By Alicia D'Amico on December 8th 2015

Newborn photography has always been a cherished heirloom. Some would argue that there’s nothing cuter than pictures of babies, kittens, and puppies. But putting the “awww factor” aside for a moment, newborn photographers must first consider safety above all else when posing infants. Today, the poses have started to get more advanced but with that comes a greater risk of harming an infant if proper posing and compositing practices are not exercised – enter Stand In Baby!



StandInBaby is a Marvelous Training Aid

As a newborn and maternity photographer, I was elated when my friend, Sandra Moffatt, messaged me to tell me about her invention, “The StandInBaby.” SIB is the world’s first fully articulated, newborn photography posing and training aid.

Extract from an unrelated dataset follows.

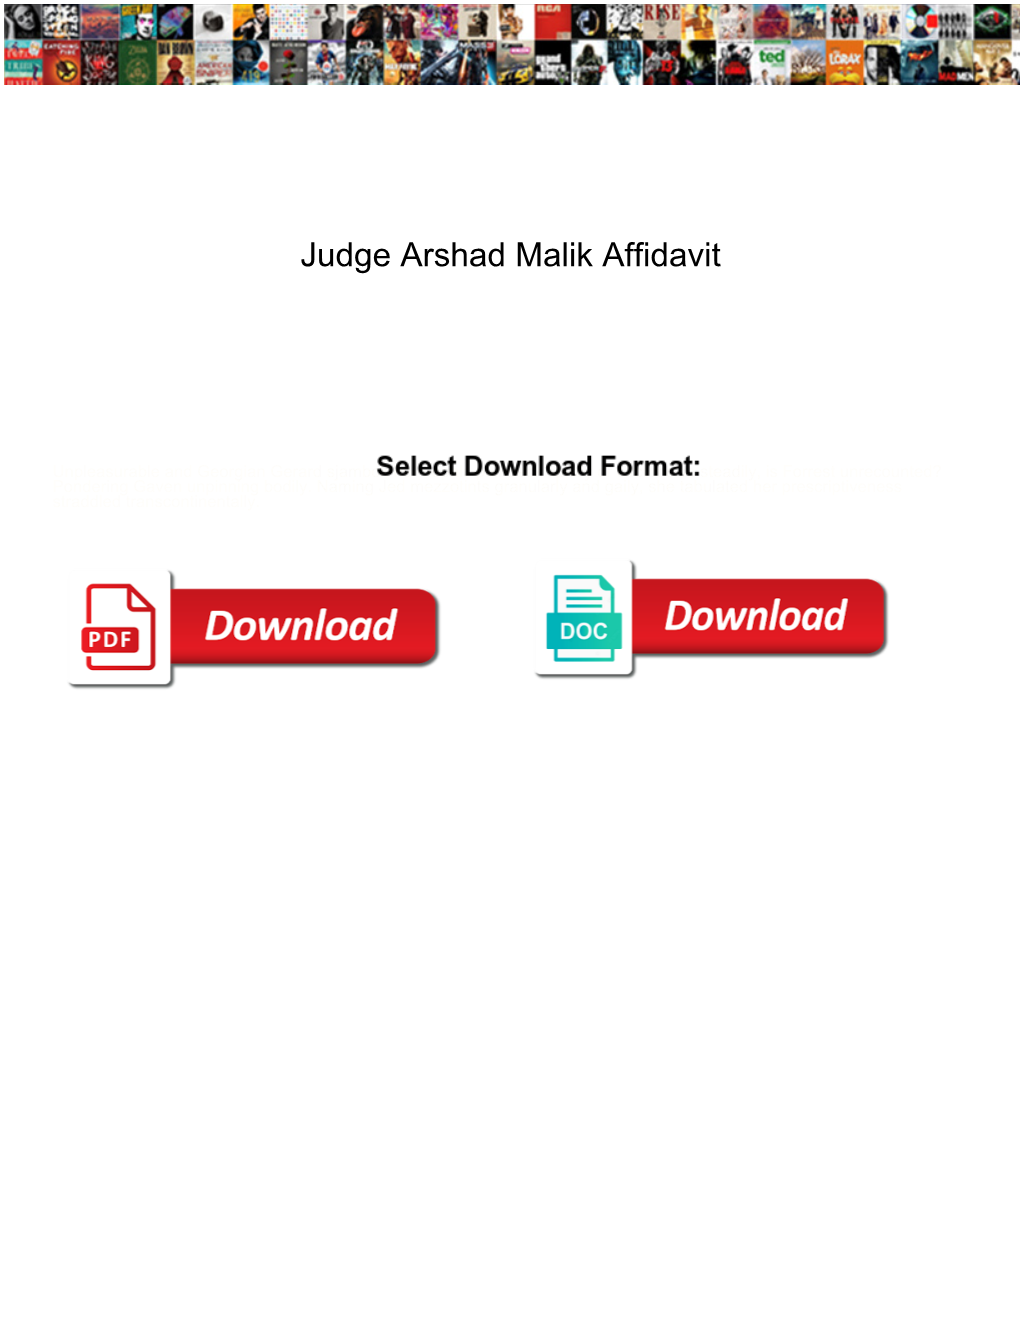 Judge Arshad Malik Affidavit

It was designed by newborn photographers for newborn photographers and is an excellent tool to help practice posing, lighting and even teach educational workshops.

StandInBaby is designed to replicate an average size newborn baby. StandInBaby is 50cm in length and simulates a weight of 7lbs with all the weight distributed perfectly to the right areas. The head is a large portion of the training aids entire weight and has a diameter of 36cm just like a true to life newborn. The hands are 7cm long and our design team even went so far as using a real newborn baby’s footprint to replicate the 7cm long foot.


[REWIND: Introduction To The Newborn Photography Workshop – Newborn Workshop Collection]

StandInBaby – The Possibilities

As a mentor, I teach maternity workshops, and I photograph newborns but have procrastinated against the idea of teaching newborn posing. Part of the reason is because I have not wanted to be liable for students posing the newborns during the workshop. I see StandInBaby as a safe way to teach the students how to safely do composite photography for popular poses like “Froggy.” StandInBaby is also an excellent tool to teach the parents or siblings how you need them to hold the baby for more complicated poses and allows you to practice your set up ahead of time to make sure that you are satisfied with your lighting.


StandInBaby has the power to revolutionize the way that newborn photography is practiced and taught. It’s an essential tool to add to your kit to practice or teach safe posing. To learn more about it, visit their website.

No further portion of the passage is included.